Harvard turned to a group of WilmerHale lawyers including Lee soon after facing a lawsuit challenging its use of race as a limited factor in its admissions. Lee served as Harvard’s lead lawyer in the 2018 district court trial, which ended with a Massachusetts judge upholding Harvard’s admissions policy.
“Before I entered my appearance I completely recused myself from all of my fiduciary obligations having anything to do with this case,” Lee said in a 2016 hearing, according to a court transcript. “I’m just here to be one of the foot soldiers at the trial.”
Corporate and nonprofits boards are often sending legal work to people with whom they may have close relationships, said Cummings.
The only problem would be if WilmerHale, a firm with deep trial and appellate benches, got “more work than it normally would,” Cummings said. “As long as there aren’t any allegations of unfairness, then I don’t see the problem.”
Lee stepped down from Harvard Corp. in June 2022. In December, he worked with the WilmerHale team that coached Gay before the congressional hearing on antisemitism on campus following the Oct. 7 Hamas attack on Israel, according to the Harvard Crimson.

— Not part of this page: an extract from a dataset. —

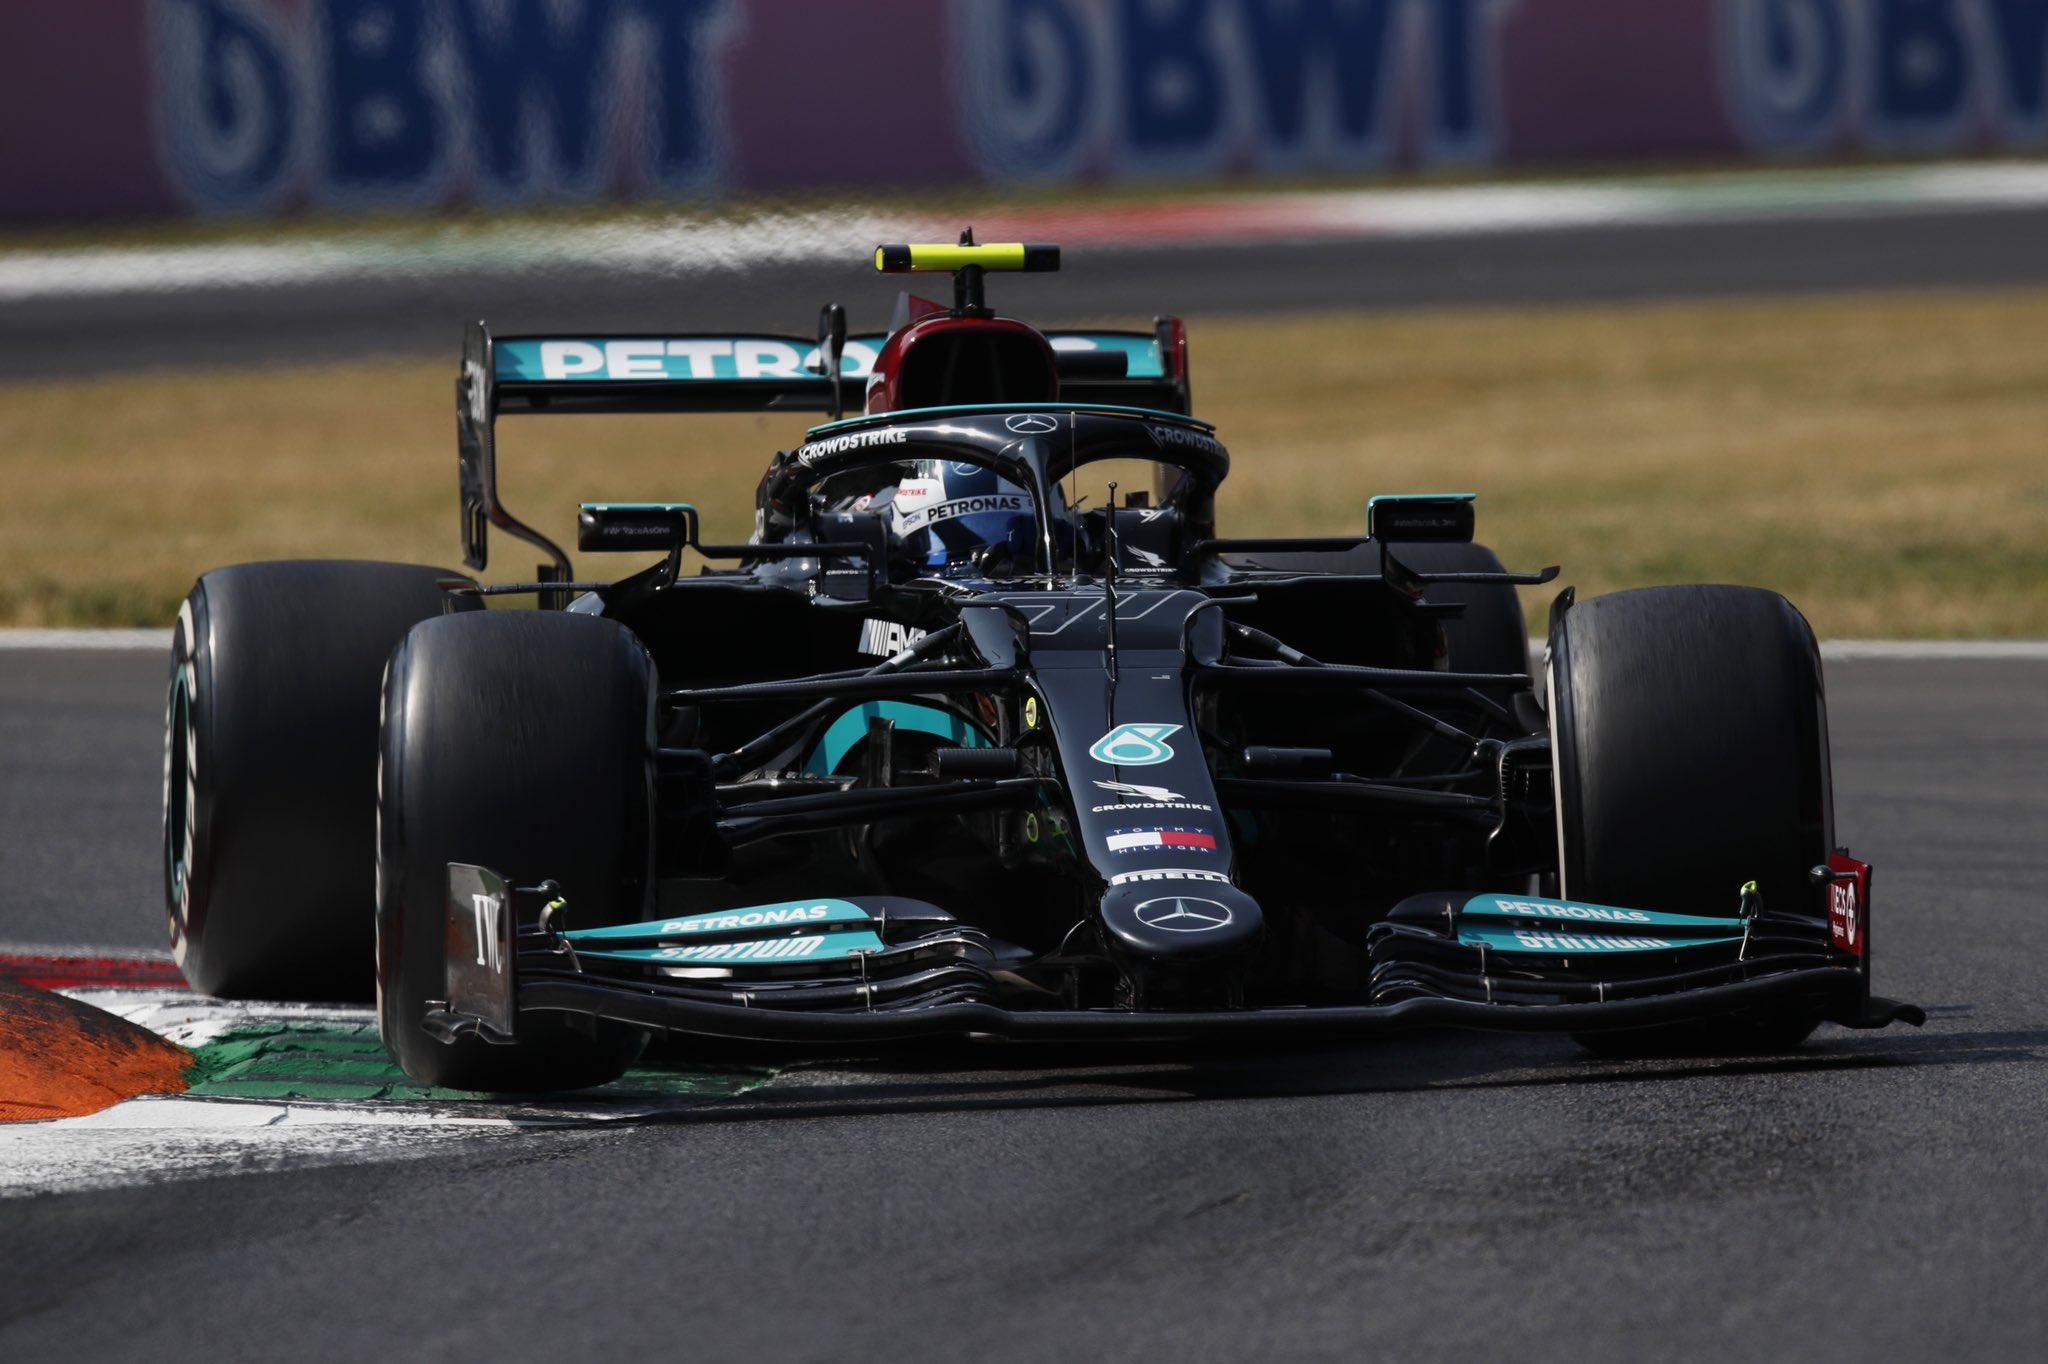 Bottas remporte la qualification sprint

Gay resigned weeks later as she faced heat from school donors such as billionaire investor Bill Ackman over her handling of antisemitism on campus and additional allegations of plagiarism.
Harvard in January added King & Spalding to its legal team handling investigations from the House Education and Workforce Committee chaired by Rep. Virginia Foxx, a Republican from North Carolina. The panel is investigating allegations of antisemitism on campus along with the university’s response to allegations of plagiarism against Gay.